In the general population, the suPAR level is higher in females than in males. The median suPAR level for men and women in blood donors is 2.22 ng/mL and 2.54 ng/mL, respectively. In general, women have slightly higher suPAR than men. suPAR levels are higher in serum than in plasma for the same individual.

== Clinical significance ==
suPAR is a biomarker reflecting the level of activity of the immune system in response to an inflammatory stimulus. suPAR levels positively correlate with pro-inflammatory biomarkers, including tumor necrosis factor-α (TNFα)  and C-reactive protein (CRP) and other parameters, including leukocyte counts. suPAR is also associated with organ damage in various diseases.[2-5] Elevated levels of suPAR are associated with increased risk of systemic inflammatory response syndrome (SIRS), cancer, focal segmental glomerulosclerosis, cardiovascular disease, type 2 diabetes, infectious diseases, HIV, and mortality.

=== Acute medical patients ===
In the emergency departments, suPAR can aid in the triage and risk assessment of patients. This allows for many patients can be discharged rather than admitted. This also ensures that the most ill patients are prioritised first and put under careful observation without delay. A suPAR level below 4 ng/mL indicates a good prognosis in acute medical patients and supports discharge. In contrast, patients presenting with a suPAR level above 6 ng/mL have a high risk of a negative outcome.

=== COVID-19 ===
In COVID-19, an early elevation of suPAR, e.g. in patients that present with symptoms of SARS-CoV-2 infection, is associated with an increased risk of severe COVID-19 development, which may lead to respiratory failure, acute kidney injury, and death. Clinical relevant cut-offs have been identified with a suPAR below 4 ng/mL indicating low risk of adverse outcomes and a suPAR above 6 ng/mL for high risk of negative outcomes such as severe respiratory failure.

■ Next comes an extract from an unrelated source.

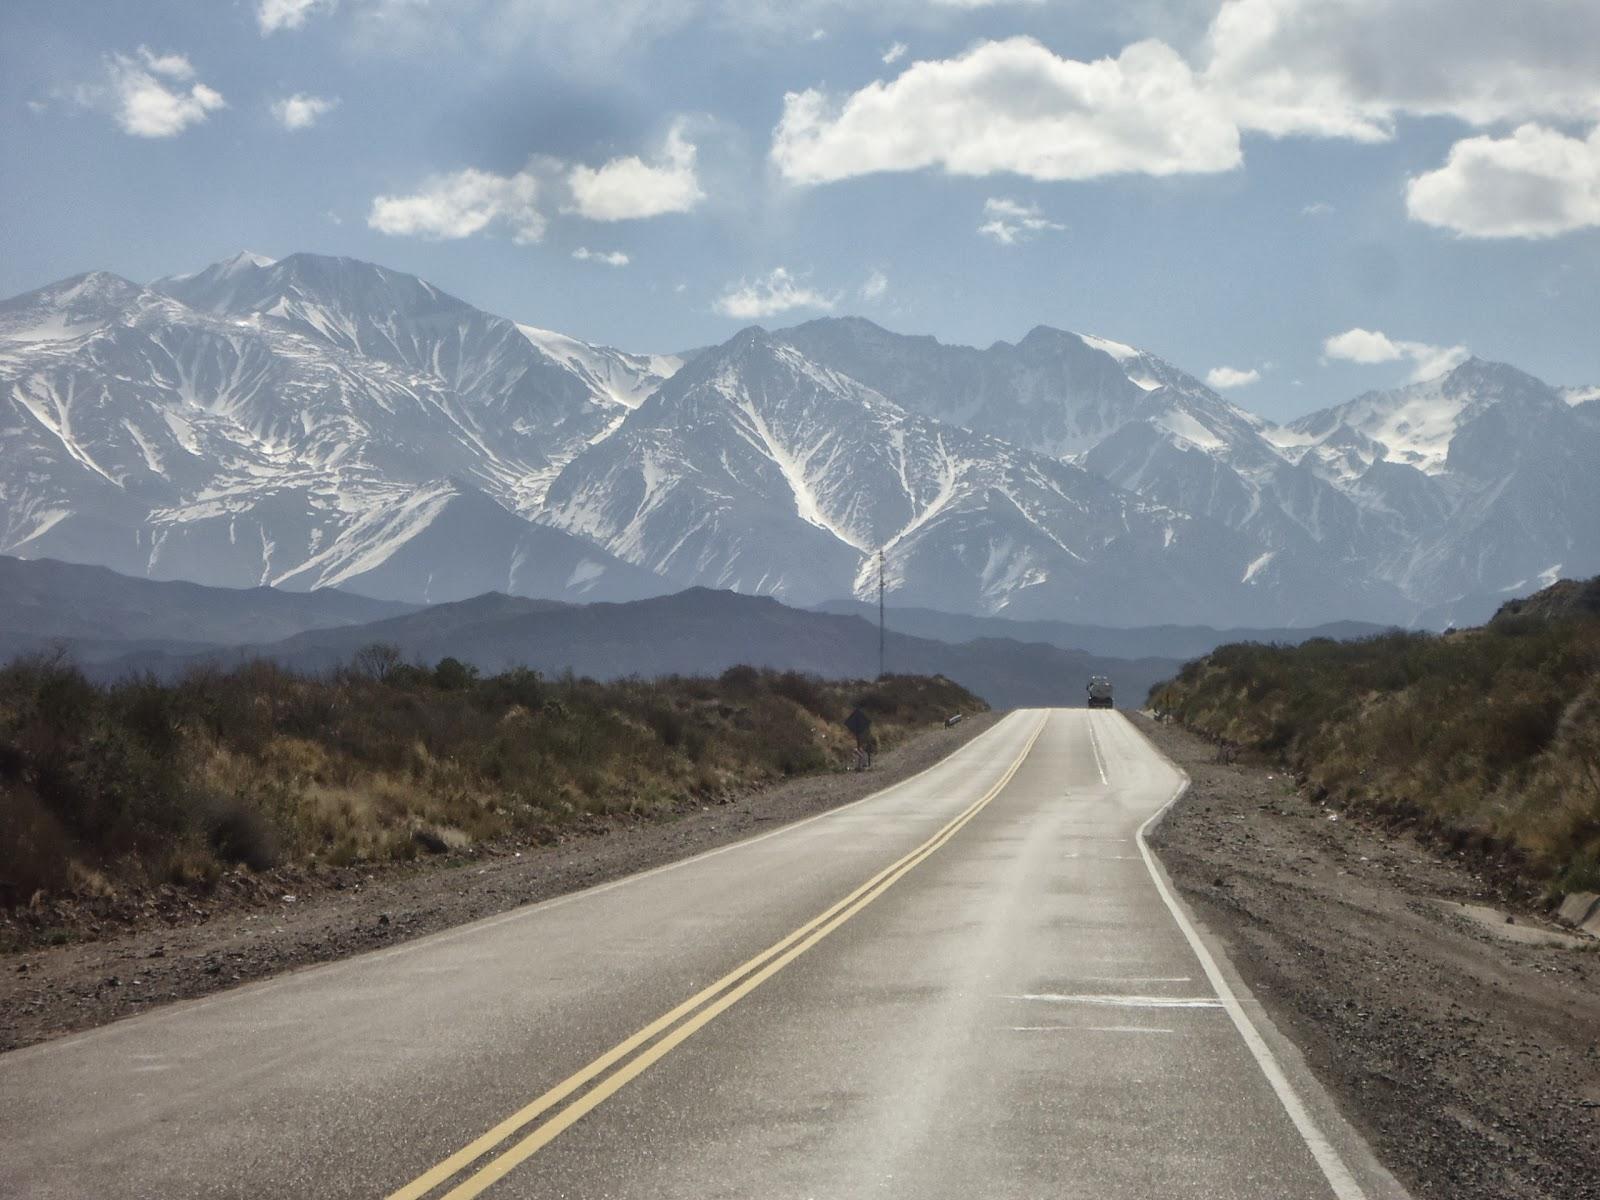 Loic Tour Du Monde à Vélo De Mendoza Argentine à Concepcion Chili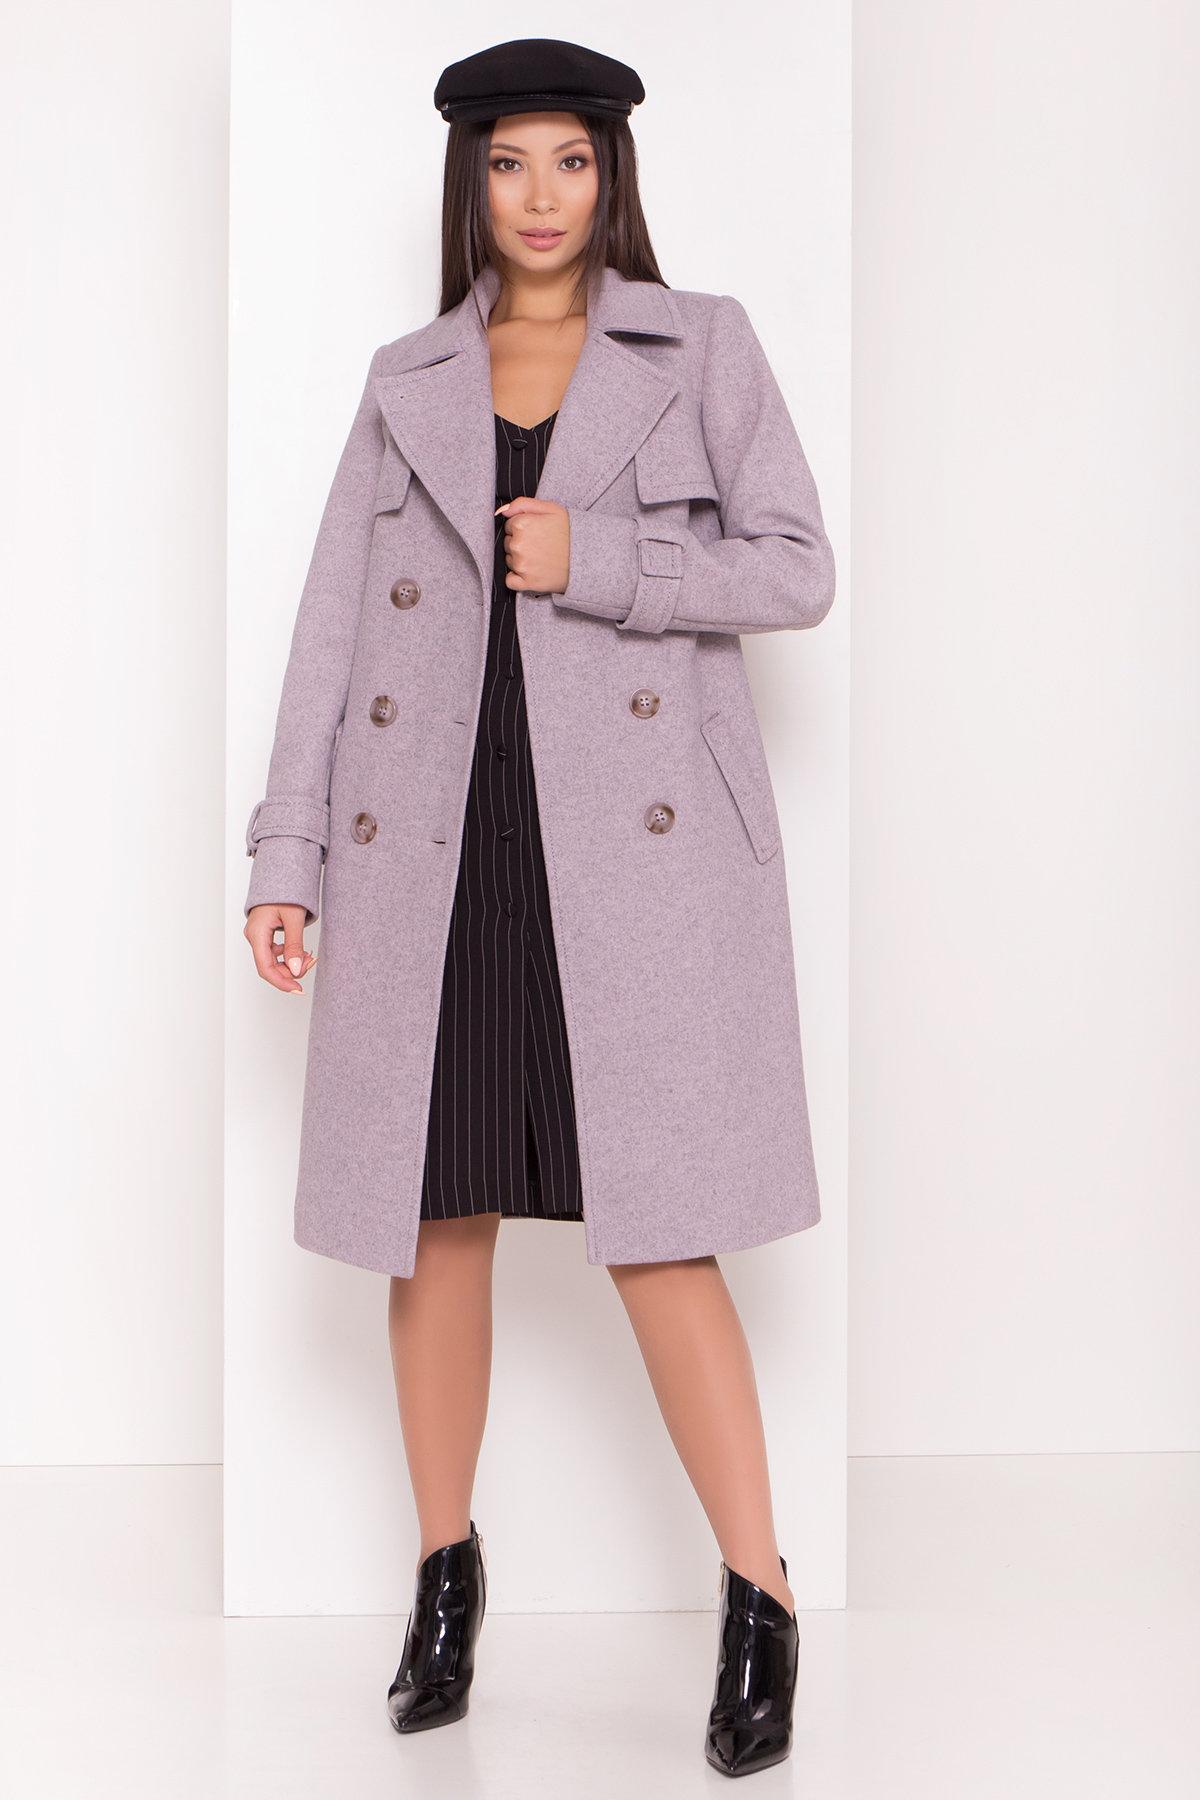 Двубортное пальто демисезон Монте 8089 АРТ. 44031 Цвет: Серый-розовый - фото 1, интернет магазин tm-modus.ru

== Cardiovascular diseases ==
The suPAR level is elevated in patients with cardiovascular diseases compared to healthy individuals. suPAR is a predictor of cardiovascular morbidity and mortality in the general population.

== Nephrology ==
In the kidneys, suPAR plays a role in regulating the permeability of the glomerular filtration barrier. An elevated suPAR level is associated with chronic renal diseases, the future incidence of chronic renal diseases, and declining eGFR. A high level is significantly associated with mortality and incidence of cardiovascular diseases in these patients.

== Molecular characteristics ==
suPAR has a secondary structure of 17 anti-parallel β-sheets with three short α-helices. It consists of the three homologous domains D1, D2, and D3. Comparing cDNA sequences, D1 differs from D2 and D3 in its primary and tertiary structure, causing its distinct ligand binding properties.

uPAR has cleavage sites for several proteases in the linker region (chymotrypsin, elastase, matrix metalloproteases, cathepsin G, plasmin, urokinase plasminogen activator [uPA, or urokinase]), and in the GPI anchor (phospholipase C and D, cathepsin G, plasmin).

The GPI-anchor links uPAR to the cell membrane making it available for uPA binding. When uPA is bound to the receptor, a cleavage between the GPI-anchor and D3 forms suPAR. Of the three suPAR forms: suPAR1-3, suPAR2-3, and suPAR1, suPAR2-3 is the chemotactic agent for promoting the immune system.

The molecular weight of suPAR varies between 24–66 kDa due to variations in posttranslational glycosylations. Additional isoforms generated by alternative splicing have been described on the RNA level, but whether these are transcribed and their possible roles remain unclear.

== Plasma and serum levels ==
suPAR is mainly measured in serum and plasma isolated from human venous blood.

== Technology ==
The suPAR level can be measured using the  suPARnostic® product line. suPARnostic® is a CE-IVD certified antibody-based product range applied for quantitative measurements of suPAR in the clinical setting. Three product formats are available: 1) TurbiLatex, validated for clinical chemistry systems currently including the Roche Diagnostics cobas c501/2 and c701/2 systems; the Siemens ADVIA XPT and Atellica systems, and the Abbott Architect c and Alinity systems. 2) Quick Triage, which is a platform that is applied at the Point-Of-Care. 3) ELISA.